Items from a data source

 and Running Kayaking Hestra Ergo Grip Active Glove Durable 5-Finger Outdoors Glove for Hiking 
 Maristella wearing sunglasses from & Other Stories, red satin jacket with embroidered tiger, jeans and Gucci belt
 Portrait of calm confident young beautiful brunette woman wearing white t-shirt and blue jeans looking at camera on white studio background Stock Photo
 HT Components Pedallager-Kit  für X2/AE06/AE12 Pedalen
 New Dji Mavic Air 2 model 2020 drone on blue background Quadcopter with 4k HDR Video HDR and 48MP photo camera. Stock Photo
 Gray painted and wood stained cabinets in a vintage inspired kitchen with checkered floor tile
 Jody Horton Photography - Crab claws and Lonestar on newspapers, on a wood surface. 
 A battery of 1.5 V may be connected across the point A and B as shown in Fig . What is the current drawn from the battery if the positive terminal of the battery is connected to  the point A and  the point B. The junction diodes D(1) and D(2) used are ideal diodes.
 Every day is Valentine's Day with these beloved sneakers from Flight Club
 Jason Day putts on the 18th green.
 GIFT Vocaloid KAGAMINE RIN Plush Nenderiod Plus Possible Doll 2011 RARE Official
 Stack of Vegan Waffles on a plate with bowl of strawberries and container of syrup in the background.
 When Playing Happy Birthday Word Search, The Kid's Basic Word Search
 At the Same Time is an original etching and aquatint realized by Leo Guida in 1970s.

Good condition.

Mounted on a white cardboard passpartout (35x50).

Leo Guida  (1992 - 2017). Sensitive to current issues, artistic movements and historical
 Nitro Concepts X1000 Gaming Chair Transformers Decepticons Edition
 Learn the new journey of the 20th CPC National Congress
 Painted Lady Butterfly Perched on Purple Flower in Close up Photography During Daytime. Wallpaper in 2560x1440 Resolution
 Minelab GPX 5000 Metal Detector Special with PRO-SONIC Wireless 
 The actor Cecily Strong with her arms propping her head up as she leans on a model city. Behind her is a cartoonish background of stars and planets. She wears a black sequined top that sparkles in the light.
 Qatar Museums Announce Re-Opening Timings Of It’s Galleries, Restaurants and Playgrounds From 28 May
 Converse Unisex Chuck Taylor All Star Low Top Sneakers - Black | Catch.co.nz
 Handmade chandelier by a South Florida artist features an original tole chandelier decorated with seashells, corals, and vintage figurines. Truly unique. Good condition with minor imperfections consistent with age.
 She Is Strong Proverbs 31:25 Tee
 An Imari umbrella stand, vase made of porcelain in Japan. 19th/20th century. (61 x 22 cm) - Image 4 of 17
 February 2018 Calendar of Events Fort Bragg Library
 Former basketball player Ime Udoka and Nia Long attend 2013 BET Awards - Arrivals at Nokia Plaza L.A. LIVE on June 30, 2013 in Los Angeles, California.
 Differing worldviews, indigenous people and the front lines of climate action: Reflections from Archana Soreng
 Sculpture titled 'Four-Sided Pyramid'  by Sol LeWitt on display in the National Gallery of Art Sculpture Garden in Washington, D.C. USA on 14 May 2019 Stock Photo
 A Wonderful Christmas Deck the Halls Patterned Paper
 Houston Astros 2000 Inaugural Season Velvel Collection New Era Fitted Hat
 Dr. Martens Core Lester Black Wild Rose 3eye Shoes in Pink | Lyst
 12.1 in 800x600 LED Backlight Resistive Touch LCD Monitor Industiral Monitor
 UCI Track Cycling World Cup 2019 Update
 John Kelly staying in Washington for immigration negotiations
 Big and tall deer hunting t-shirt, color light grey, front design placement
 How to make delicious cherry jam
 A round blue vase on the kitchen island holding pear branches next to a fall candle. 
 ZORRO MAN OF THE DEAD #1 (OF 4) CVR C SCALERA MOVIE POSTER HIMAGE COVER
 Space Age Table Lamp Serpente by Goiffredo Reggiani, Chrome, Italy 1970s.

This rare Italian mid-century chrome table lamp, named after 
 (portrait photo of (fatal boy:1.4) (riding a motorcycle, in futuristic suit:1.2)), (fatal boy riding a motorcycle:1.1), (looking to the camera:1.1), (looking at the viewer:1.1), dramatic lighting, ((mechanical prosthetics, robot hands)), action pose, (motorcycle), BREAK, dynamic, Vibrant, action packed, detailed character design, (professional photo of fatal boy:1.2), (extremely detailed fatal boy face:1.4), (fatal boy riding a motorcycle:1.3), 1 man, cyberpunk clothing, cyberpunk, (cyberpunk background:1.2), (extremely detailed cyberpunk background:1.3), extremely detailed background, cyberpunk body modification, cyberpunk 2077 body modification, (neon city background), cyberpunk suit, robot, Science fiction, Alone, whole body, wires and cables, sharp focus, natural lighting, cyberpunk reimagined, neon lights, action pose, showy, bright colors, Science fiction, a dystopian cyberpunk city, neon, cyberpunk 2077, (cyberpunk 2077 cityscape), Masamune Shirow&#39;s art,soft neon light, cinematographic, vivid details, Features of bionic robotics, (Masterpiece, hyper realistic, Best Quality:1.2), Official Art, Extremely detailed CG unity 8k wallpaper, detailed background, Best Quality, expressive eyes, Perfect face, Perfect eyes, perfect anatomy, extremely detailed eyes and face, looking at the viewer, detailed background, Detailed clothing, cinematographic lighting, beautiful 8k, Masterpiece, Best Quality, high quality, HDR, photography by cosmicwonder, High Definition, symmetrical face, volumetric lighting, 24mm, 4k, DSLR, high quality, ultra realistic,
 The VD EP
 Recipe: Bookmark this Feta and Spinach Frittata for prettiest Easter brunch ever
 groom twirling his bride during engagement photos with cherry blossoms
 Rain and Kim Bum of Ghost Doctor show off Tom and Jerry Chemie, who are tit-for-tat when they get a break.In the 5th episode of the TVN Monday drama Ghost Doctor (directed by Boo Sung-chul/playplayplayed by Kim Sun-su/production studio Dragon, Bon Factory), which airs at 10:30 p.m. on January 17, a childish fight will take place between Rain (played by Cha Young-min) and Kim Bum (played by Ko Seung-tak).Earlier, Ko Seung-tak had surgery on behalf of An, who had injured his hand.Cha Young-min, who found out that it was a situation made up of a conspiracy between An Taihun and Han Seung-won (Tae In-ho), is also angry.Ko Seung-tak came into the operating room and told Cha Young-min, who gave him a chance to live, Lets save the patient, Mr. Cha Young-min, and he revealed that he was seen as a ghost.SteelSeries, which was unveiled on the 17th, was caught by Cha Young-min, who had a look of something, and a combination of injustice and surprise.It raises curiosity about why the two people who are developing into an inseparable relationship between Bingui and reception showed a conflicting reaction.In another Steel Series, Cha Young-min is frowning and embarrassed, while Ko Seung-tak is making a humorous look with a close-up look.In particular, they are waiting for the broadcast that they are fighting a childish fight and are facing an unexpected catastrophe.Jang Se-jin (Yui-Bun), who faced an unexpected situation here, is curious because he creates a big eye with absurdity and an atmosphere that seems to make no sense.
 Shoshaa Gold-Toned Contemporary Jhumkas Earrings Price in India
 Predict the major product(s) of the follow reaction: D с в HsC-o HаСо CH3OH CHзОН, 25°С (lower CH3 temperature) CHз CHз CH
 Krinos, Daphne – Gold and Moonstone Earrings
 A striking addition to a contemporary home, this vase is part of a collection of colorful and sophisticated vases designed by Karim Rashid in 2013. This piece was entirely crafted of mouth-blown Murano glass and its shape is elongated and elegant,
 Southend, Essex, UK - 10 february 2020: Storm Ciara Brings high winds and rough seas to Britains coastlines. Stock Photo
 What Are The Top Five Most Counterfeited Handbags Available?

*Work request*: Reproduce, exactly as they stand in the data above, the lines from the one that holds "February 2018 Calendar" to the one that holds "This rare Italian", inclusive.

*Answer to the problem*:
 February 2018 Calendar of Events Fort Bragg Library
 Former basketball player Ime Udoka and Nia Long attend 2013 BET Awards - Arrivals at Nokia Plaza L.A. LIVE on June 30, 2013 in Los Angeles, California.
 Differing worldviews, indigenous people and the front lines of climate action: Reflections from Archana Soreng
 Sculpture titled 'Four-Sided Pyramid'  by Sol LeWitt on display in the National Gallery of Art Sculpture Garden in Washington, D.C. USA on 14 May 2019 Stock Photo
 A Wonderful Christmas Deck the Halls Patterned Paper
 Houston Astros 2000 Inaugural Season Velvel Collection New Era Fitted Hat
 Dr. Martens Core Lester Black Wild Rose 3eye Shoes in Pink | Lyst
 12.1 in 800x600 LED Backlight Resistive Touch LCD Monitor Industiral Monitor
 UCI Track Cycling World Cup 2019 Update
 John Kelly staying in Washington for immigration negotiations
 Big and tall deer hunting t-shirt, color light grey, front design placement
 How to make delicious cherry jam
 A round blue vase on the kitchen island holding pear branches next to a fall candle. 
 ZORRO MAN OF THE DEAD #1 (OF 4) CVR C SCALERA MOVIE POSTER HIMAGE COVER
 Space Age Table Lamp Serpente by Goiffredo Reggiani, Chrome, Italy 1970s.

This rare Italian mid-century chrome table lamp, named after 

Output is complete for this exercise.